Added by Tibaldo Luigi over 6 years ago. Updated over 6 years ago.

Status:ClosedStart date:03/27/2018
Priority:NormalDue date:
Assigned To:Tibaldo Luigi% Done:

100%

Category:-
Target version:1.6.0
Duration:

Description

All scripts that make multiple analysis iterations (over energy bins, time bins ...)


Recurrence

No recurrence.

History

#1 Updated by Knödlseder Jürgen over 6 years ago

The parallelization should be done using the multiprocessing module that is available from Python 2.6 on. Ideally the code should be written in a way so that it is still working even if the multiprocessing module is not available.

#2 Updated by Tibaldo Luigi over 6 years ago

Add cssens to the list

#3 Updated by Tibaldo Luigi over 6 years ago

  • Assigned To set to Tibaldo Luigi

#4 Updated by Tibaldo Luigi over 6 years ago

  • Status changed from New to In Progress

The main complication turns out to be that multiprocessing only works on functions with arguments that are accepted by pickle. This excludes all the Python objects created via swig. There are some indications on how to make a swig object pickalable here
https://stackoverflow.com/questions/9310053/how-to-make-my-swig-extension-module-work-with-pickle#9325185
It is not clear if this approach can ever work with respect to the parent class logger.

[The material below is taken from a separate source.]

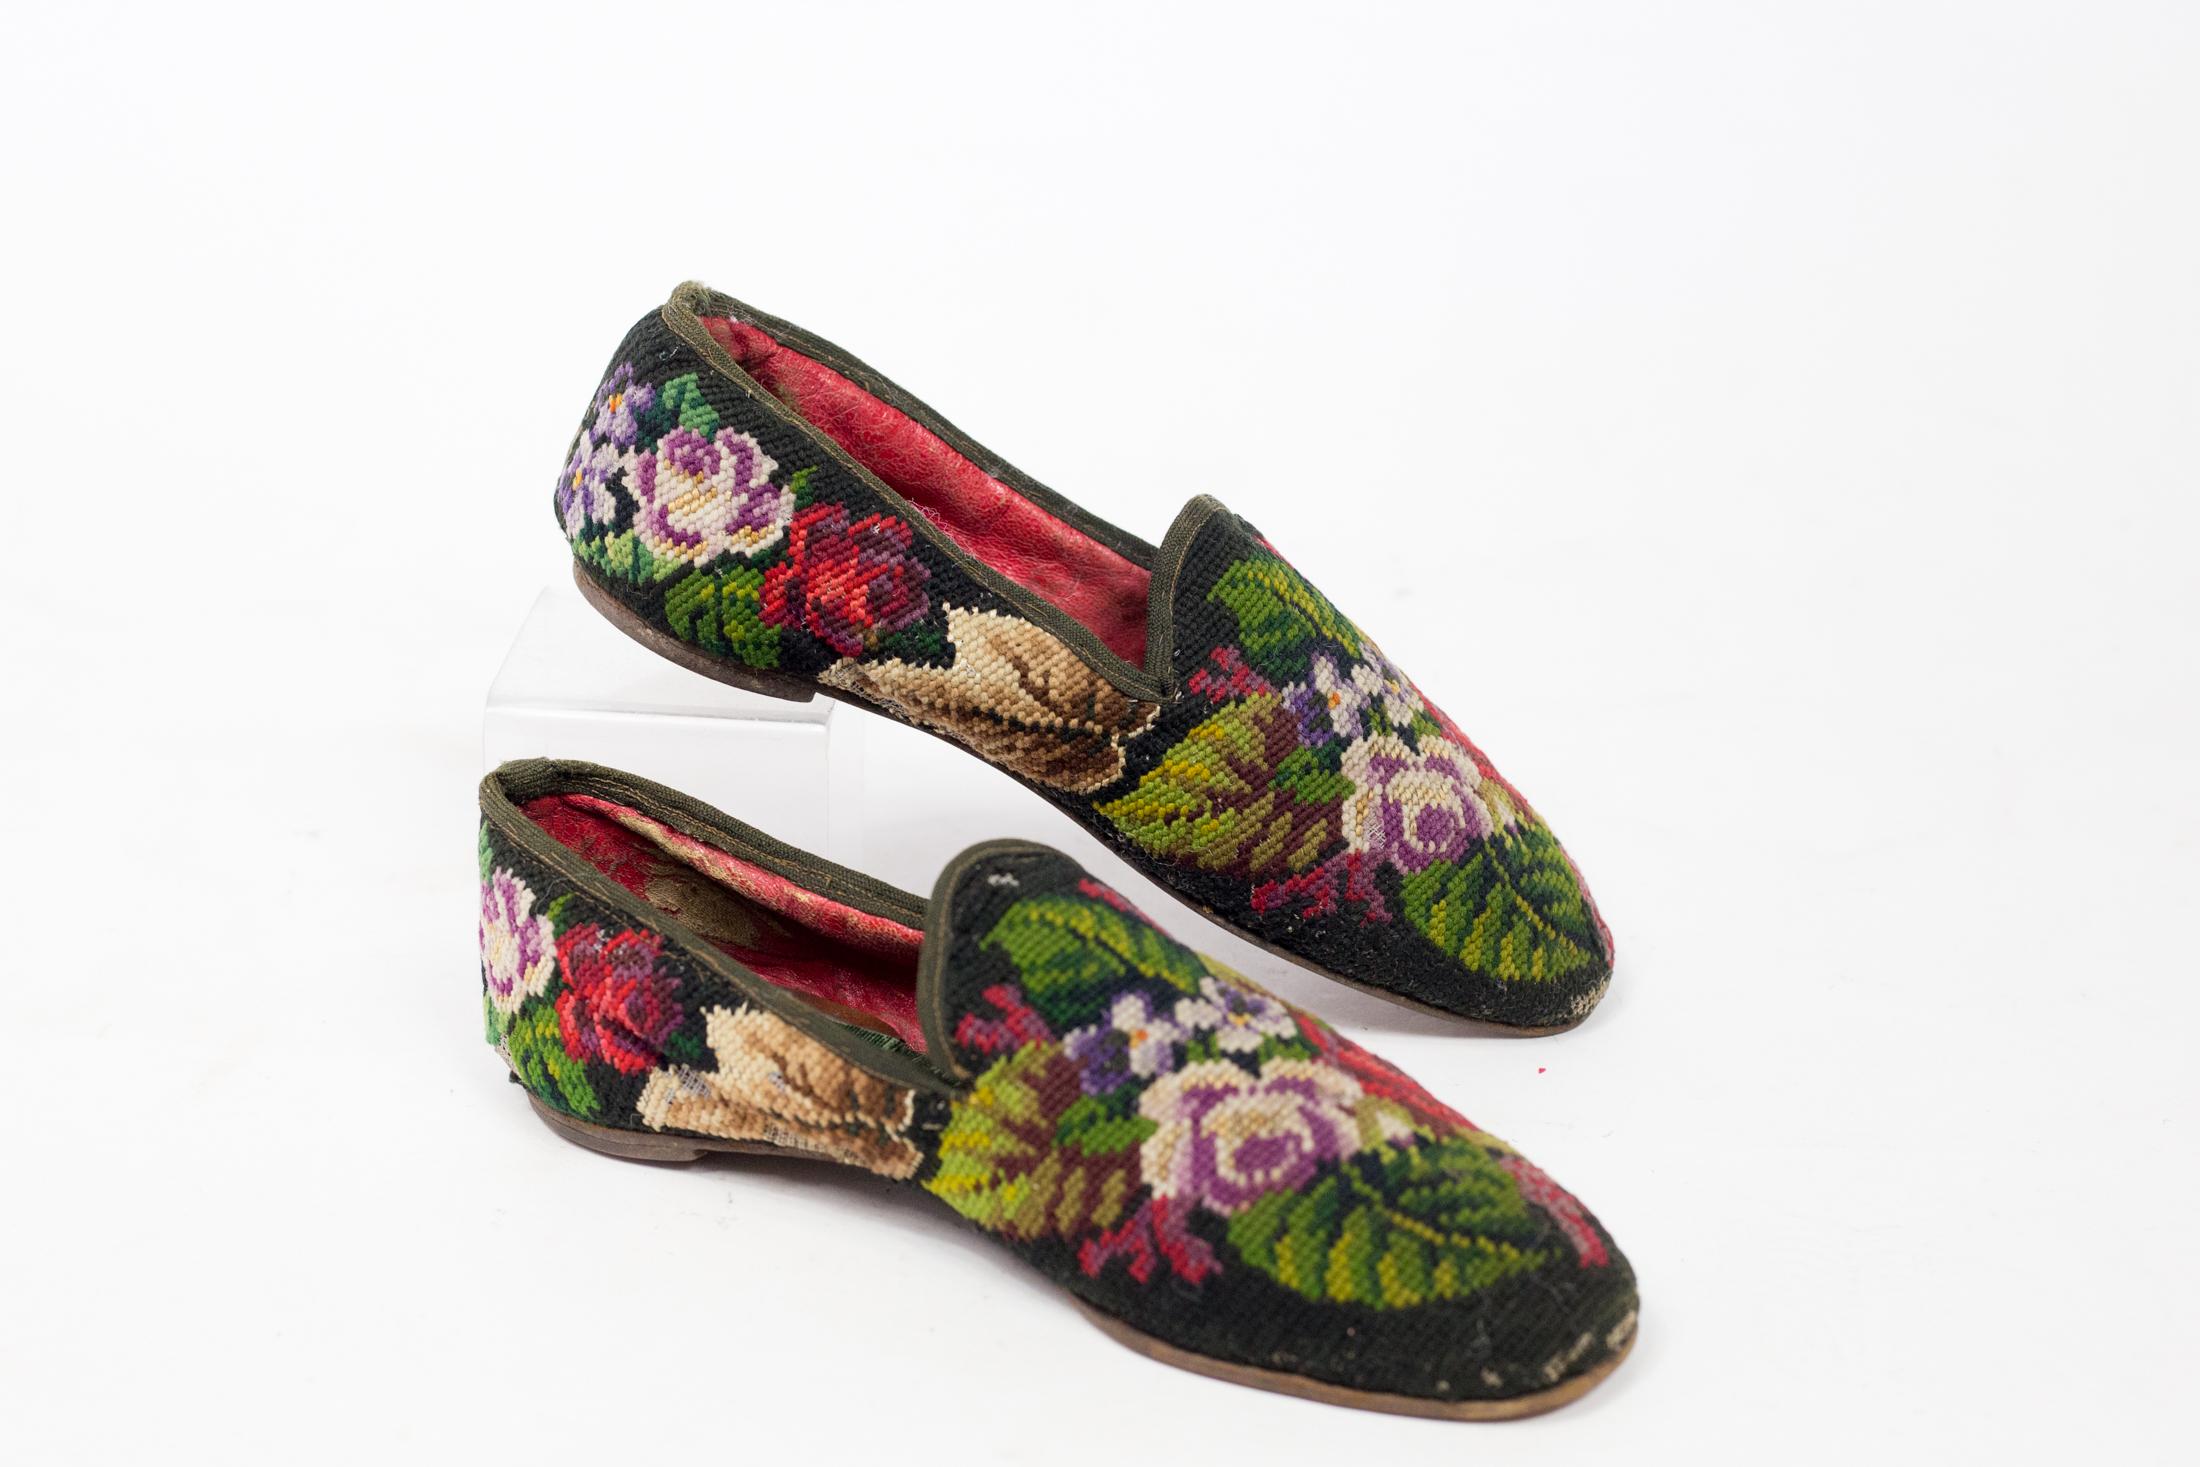 Pair of men's slippers in stitch point tapestry - France Circa 1860 4

#5 Updated by Tibaldo Luigi over 6 years ago

First attempt: make cslightcrv class itself pickalable
(accepted solution at https://stackoverflow.com/questions/9310053/how-to-make-my-swig-extension-module-work-with-pickle#9325185)
so that I can pass it with all its attributes (observations, times, etc) to an external function that carries out the operation to be parallelised. Fails for unclear reasons: the process hangs for a while and then ends with Killed: 9.

#6 Updated by Knödlseder Jürgen over 6 years ago

  • % Done changed from 0 to 10

Is there no way to circumvent the pickle issue by parallelizing functions that do not have GammaLib objects as argument?

#7 Updated by Tibaldo Luigi over 6 years ago

Jürgen pointed out this thread
https://stackoverflow.com/questions/27318290/why-can-i-pass-an-instance-method-to-multiprocessing-process-but-not-a-multipro
with some possible solutions to parallelize a class member rather than an external function.
Answer 4, the easiest, fails, because the wrapper function contains a new instance of the class, not the one with all the attributes etc.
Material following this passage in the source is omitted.